Original Contributions
WOULD EARLIER MICROBE IDENTIFICATION ALTER ANTIBIOTIC THERAPY IN BACTEREMIC EMERGENCY DEPARTMENT PATIENTS? Lisa R. Stoneking, MD, Asad E. Patanwala, PHARMD, BCPS, John P. Winkler, MD, Albert B. Fiorello, MD, Elizabeth S. Lee, MS III, Daniel P. Olson, MPH, and Donna M. Wolk, PHD(ABMM) Department of Emergency Medicine, University of Arizona, Tucson, Arizona Reprint Address: Lisa R. Stoneking, MD, Department of Emergency Medicine, University of Arizona, 1609 N. Warren Ave., Room 118, PO Box 245057, Tucson, AZ 85724
, Keywords—sepsis; antimicrobial therapy; blood cultures; intensive care unit; microbiology
, Abstract—Background: Although debate exists about the treatment of sepsis, few disagree about the benefits of early, appropriately targeted antibiotic administration. Study Objectives: To determine the appropriateness of empiric antimicrobial therapy and the extent to which therapy would be altered if the causative organism for sepsis was known at the time of administration. Methods: This was a retrospective cohort study, conducted in an academic Emergency Department (ED), on consecutive positive blood cultures between November 1, 2008 and February 1, 2009. Blood cultures and the appropriateness of administered antimicrobial therapy were evaluated. Therapy choices were categorized based on whether or not a physician, complying with antimicrobial guidelines, would have made changes to empiric antibiotic therapy had the causative organism initially been known.
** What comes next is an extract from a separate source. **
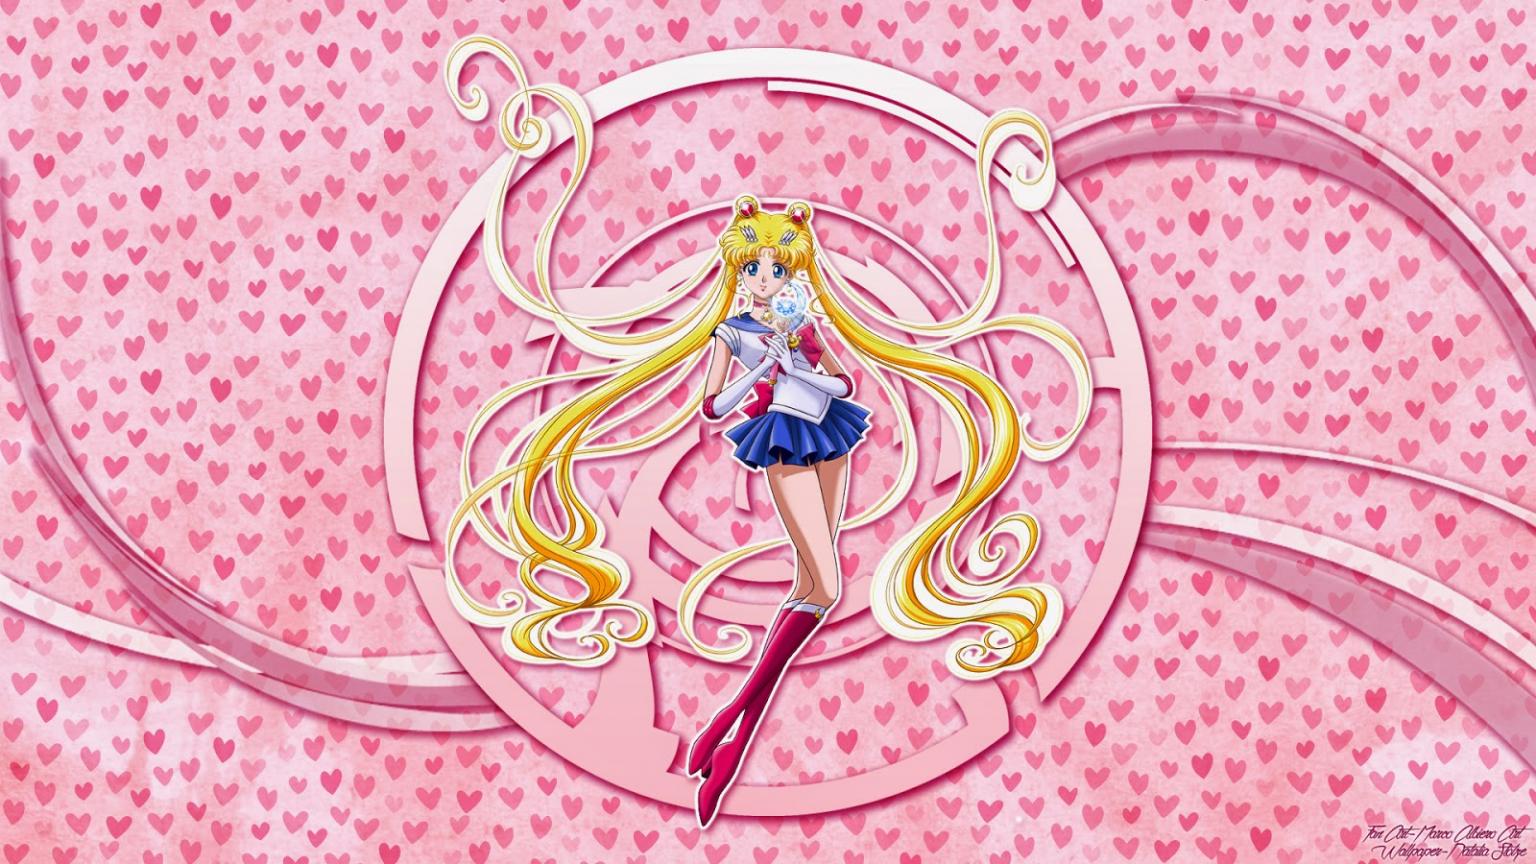 Free Download Unbreakable Sailor Moon Crystal Wallpaper Full Hd
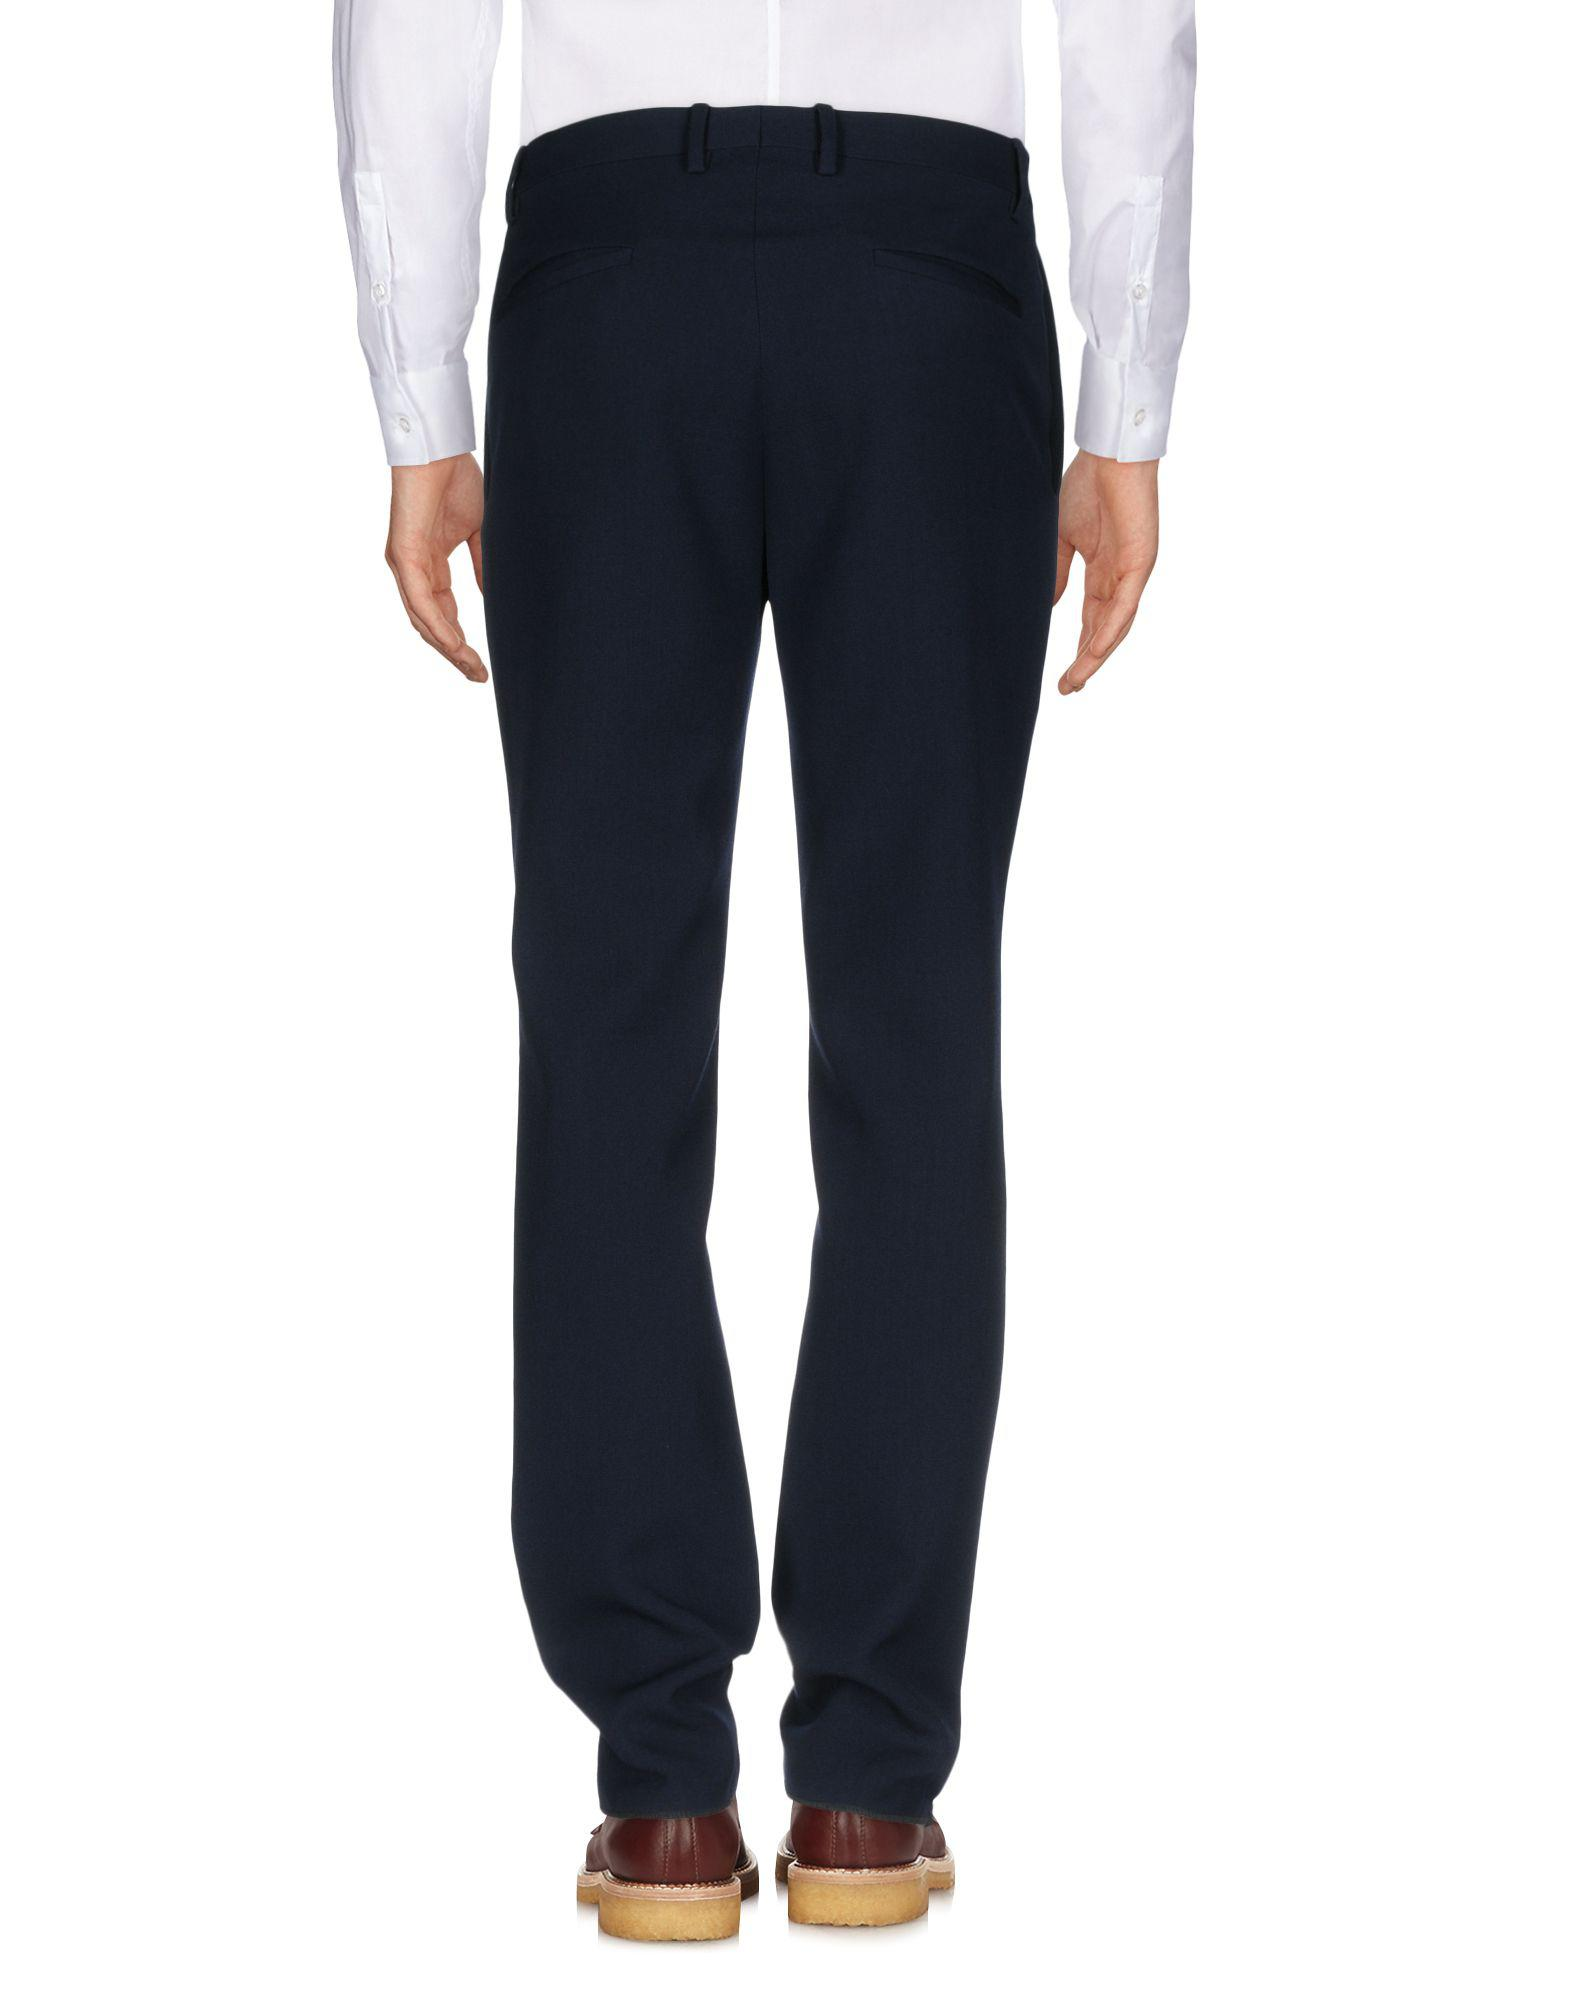 Umit Benan Wool Casual Pants in Dark Blue (Blue) for Men

Results: There were 90 positive blood cultures obtained from 84 patients. Of these, 21.1% (n = 19) were considered contaminants. The final categorization of empiric antibiotics given in the ED for the remaining blood culture results were: 1) therapy would be changed to narrower-spectrum antibiotics (n = 34, 55.7%); 2) therapy would be changed because the organism was not covered (n = 13, 21.3%); and 3) therapy would remain the same (n = 14, 23.0%). There was 90.2% inter-rater agreement for these classifications (p < 0.0001), with a kappa of 0.84. Polymerase chain reaction analysis had a statistically significant advantage (p < 0.0001) over Infectious Disease Society of America protocols in facilitating accurate antimicrobial therapies. Conclusion: This study confirms the need for more rapid and accurate laboratory methods for bloodstream pathogen identification. Ó 2013 Elsevier Inc.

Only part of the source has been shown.